Mar 29, 2023 - Economy

United invests $15M in carbon capture-sustainable fuel effort

United CEO Scott Kirby (L) speaks with Axios' Joann Muller (R) at the What's Next Summit.

United CEO Scott Kirby (L) speaks with Axios' Joann Muller (R) at the What's Next Summit. Photo: Ron Flores for Axios

United Airlines is investing $15 million in a carbon capture startup developing technology that may eventually be used to capture and compress CO2 for use in producing sustainable aviation fuel (SAF), the company announced Wednesday.

  • The startup, Svante, plans to use the funds to manufacture carbon capture filters in Vancouver, Canada, at commercial scale.

How it works: Svante's filters are designed to capture CO2 from industrial sites or the atmosphere. It would then be compressed for potential use in SAFs, or sequestered underground.

Catch up quick: It's the latest investment from United's Sustainable Flight Fund, a multimillion-dollar, cross-industry effort to support SAF startups and R&D.

What they're saying: "Instead of just buying SAF, we're taking the money to invest in companies that are building the industry," United CEO Scott Kirby told Joann Muller at Wednesday's What's Next Summit.
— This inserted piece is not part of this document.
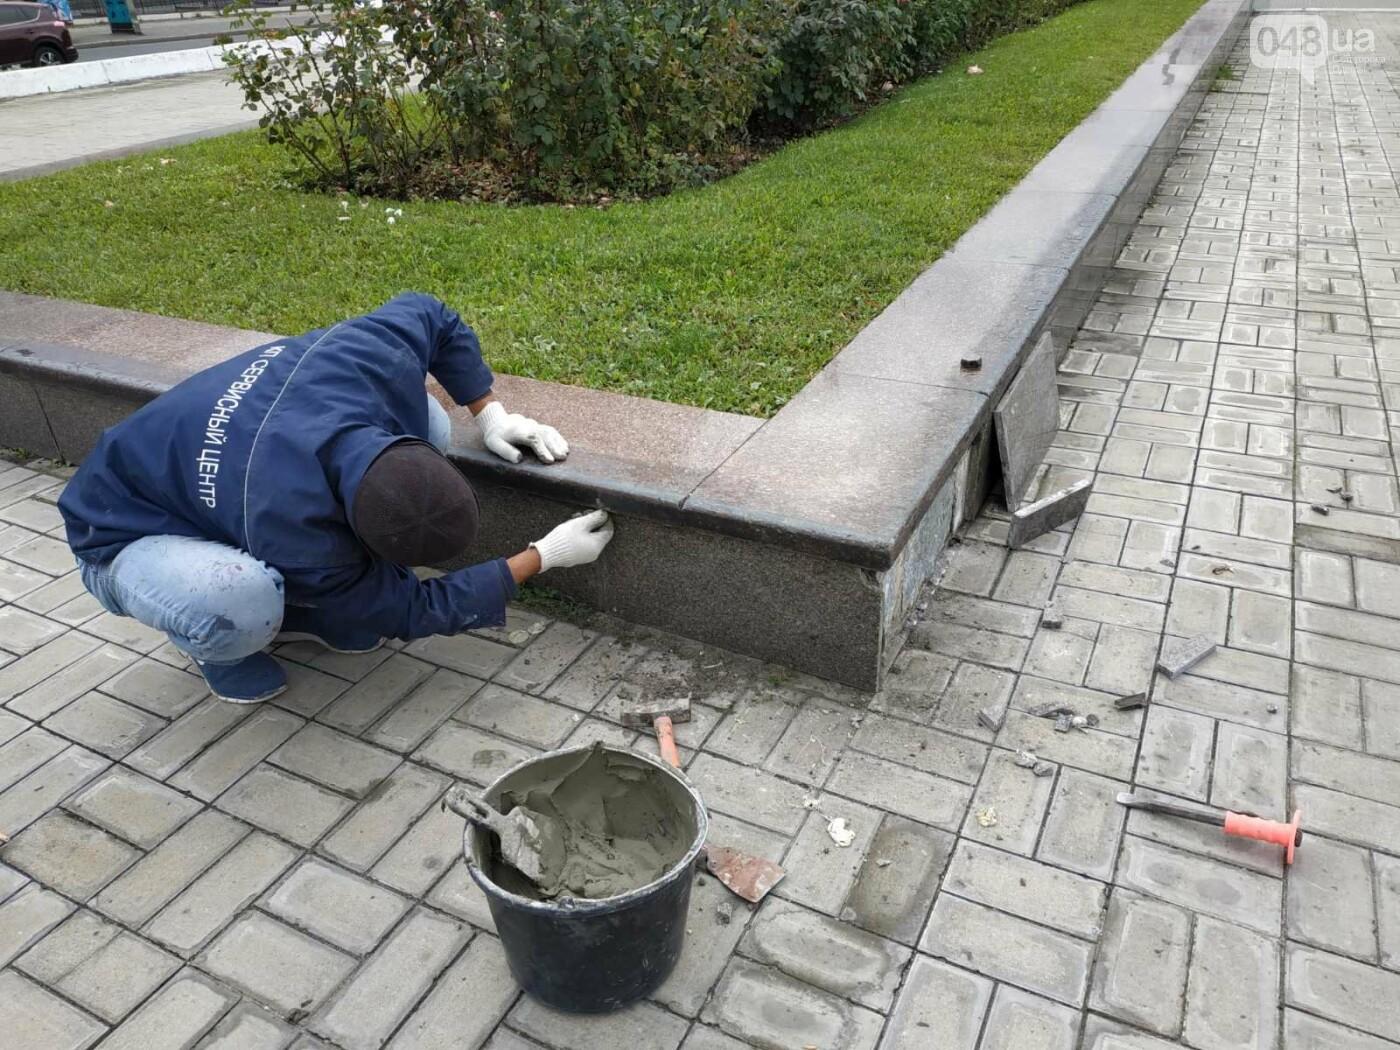 Вандалы разрисовали обелиск на площади 10 апреля в Одессе, - ФОТО2

  • "We're giving them the startup capital to go develop the technology and to do the R&D and see what works and what can scale to commercial size and grow the industry."

The big picture: Airlines and aircraft manufacturers are under tremendous pressure to decarbonize.

  • United, for example, aims to go emissions-free by 2050 — without using carbon offsets.
  • SAFs, currently made from used cooking oil and industrial waste, are seen as a short- to medium-term way to reduce aviation emissions.

Yes, but: SAF production needs to increase notably and quickly in order to have anything more than a negligible impact.

What's next: Efforts to power aircraft with electric power or hydrogen are underway — but still in their early days and facing significant headwinds.

  • Today's battery technology can't support long-haul flying, Kirby said, while hydrogen requires much more volume to provide the same amount of energy as today's jet fuel — hence the company's focus on SAFs.

Editor's note: This story has been corrected to reflect that United is investing $15 million in Svante, not $5 million as the company first announced.